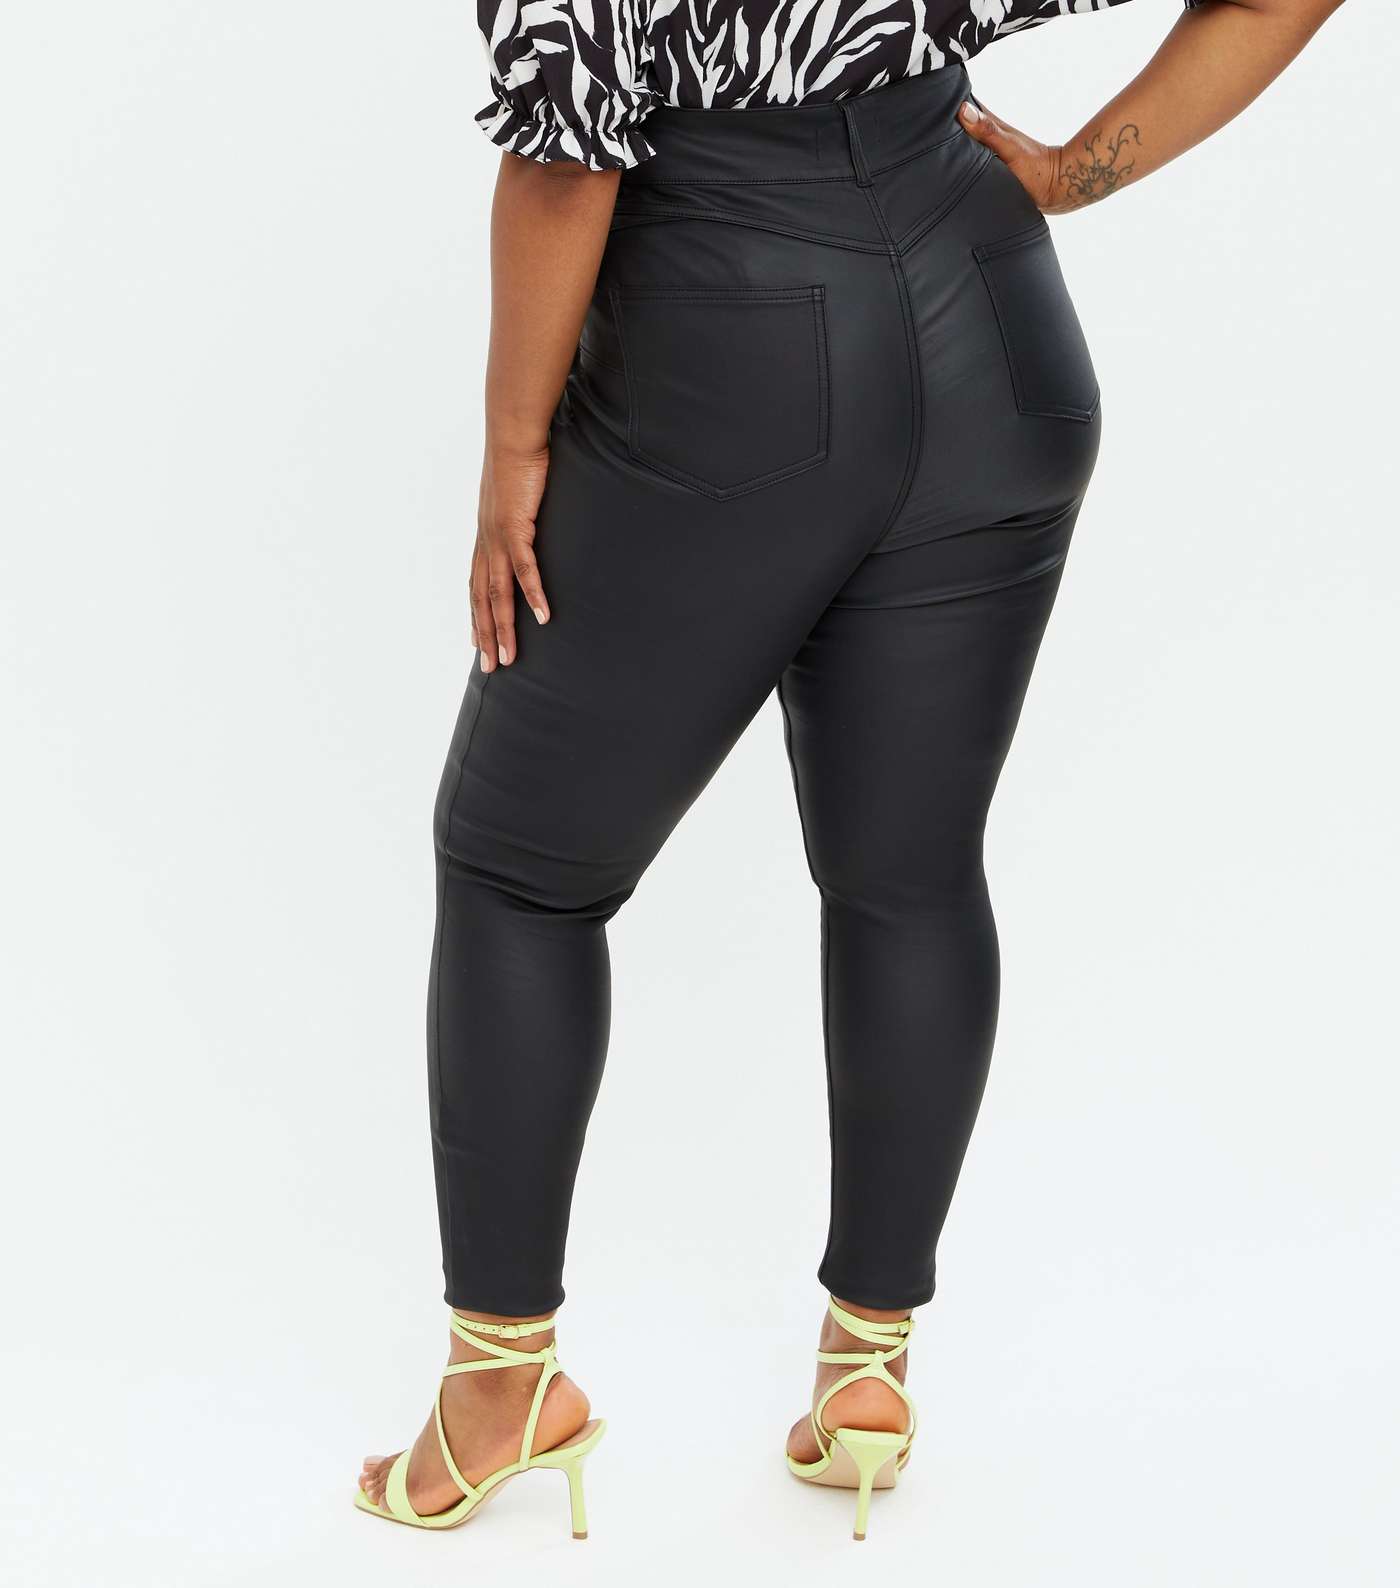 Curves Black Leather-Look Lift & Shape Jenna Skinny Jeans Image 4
--
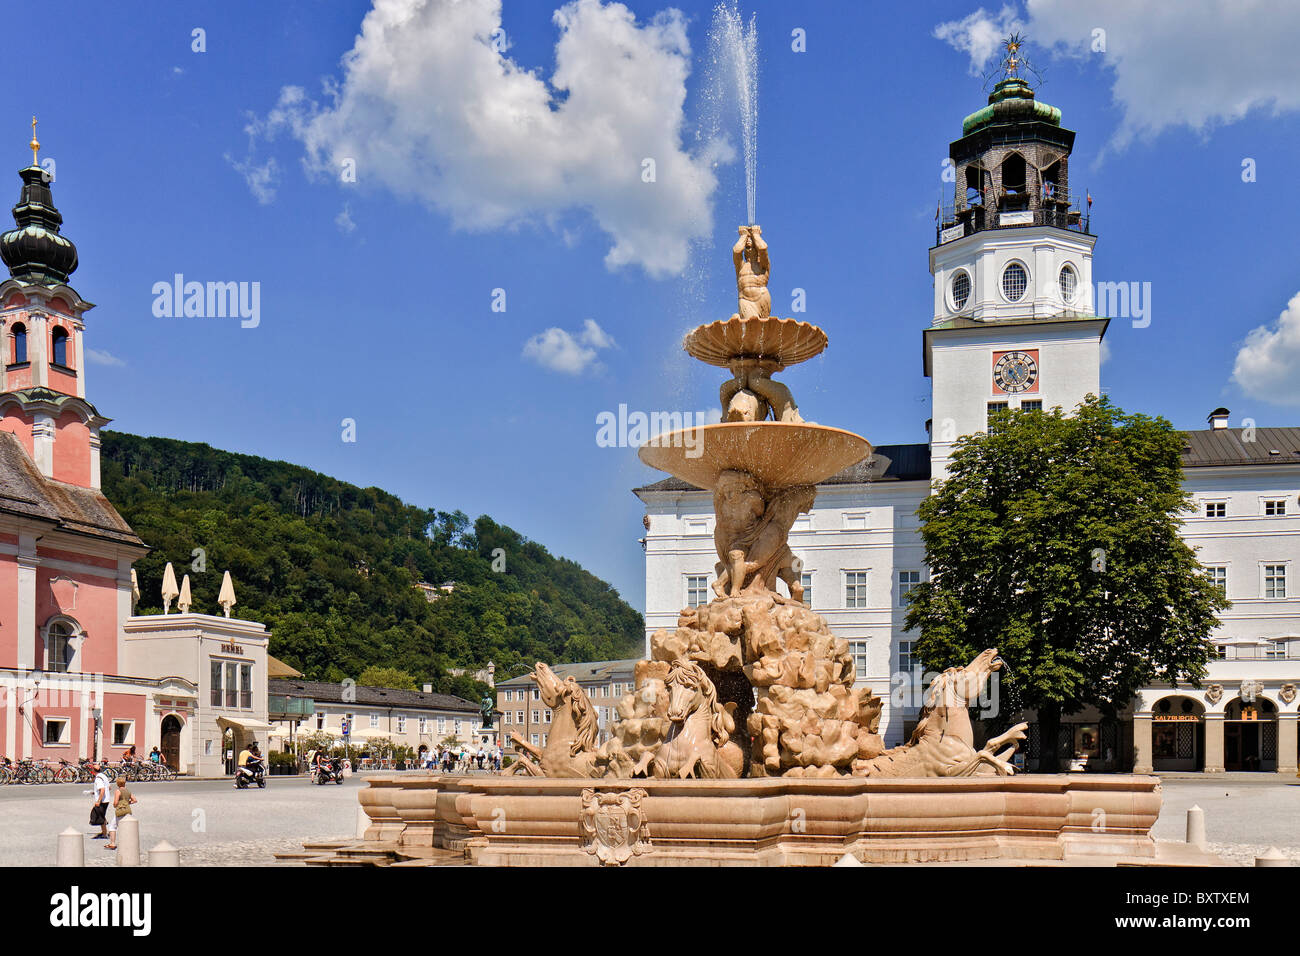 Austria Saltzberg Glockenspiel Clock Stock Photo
--
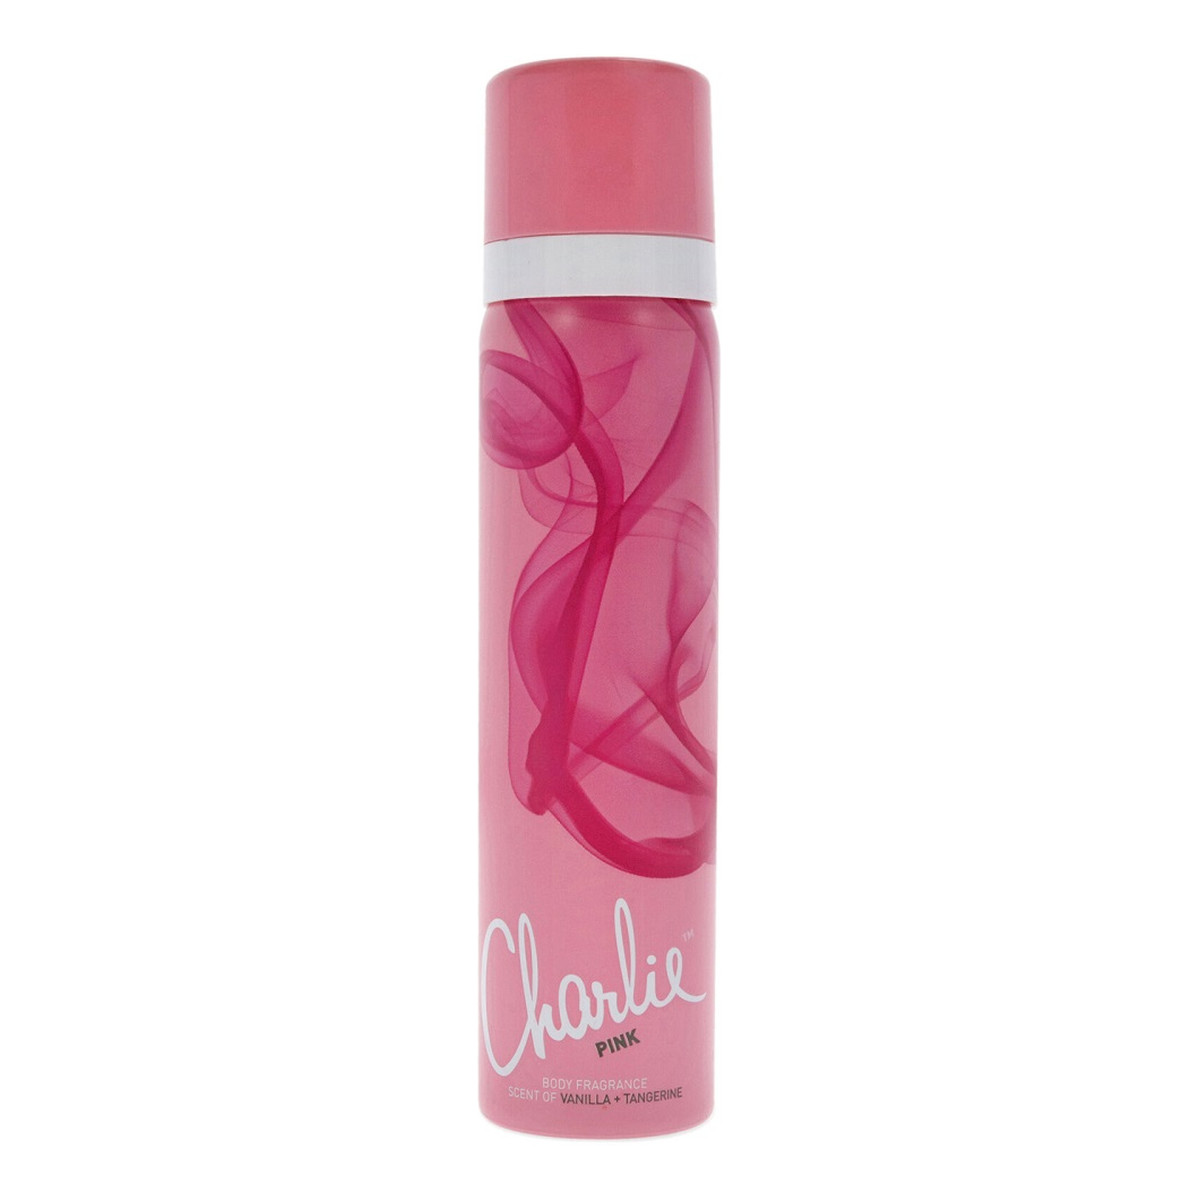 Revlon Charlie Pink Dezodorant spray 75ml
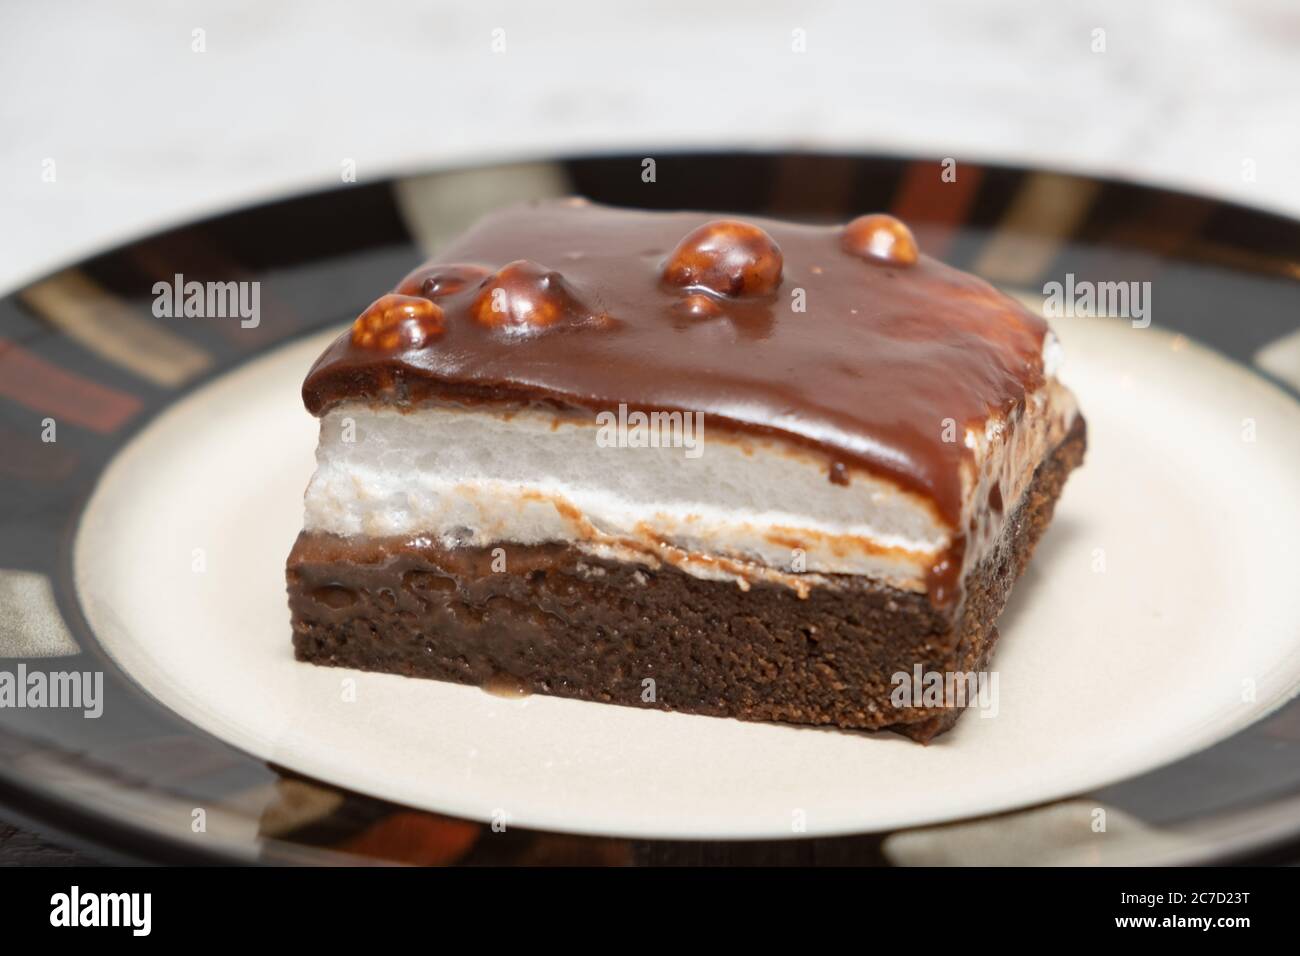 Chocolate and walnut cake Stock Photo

## TASK DIRECTIONS
With the pictures omitted, copy the entries above exactly from the line containing "Revlon Charlie Pink Dezodorant spray 75ml" through the line containing "Chocolate and walnut cake Stock Photo", both lines included.

## RESPONSE TO THE EXERCISE
 Revlon Charlie Pink Dezodorant spray 75ml
 Chocolate and walnut cake Stock Photo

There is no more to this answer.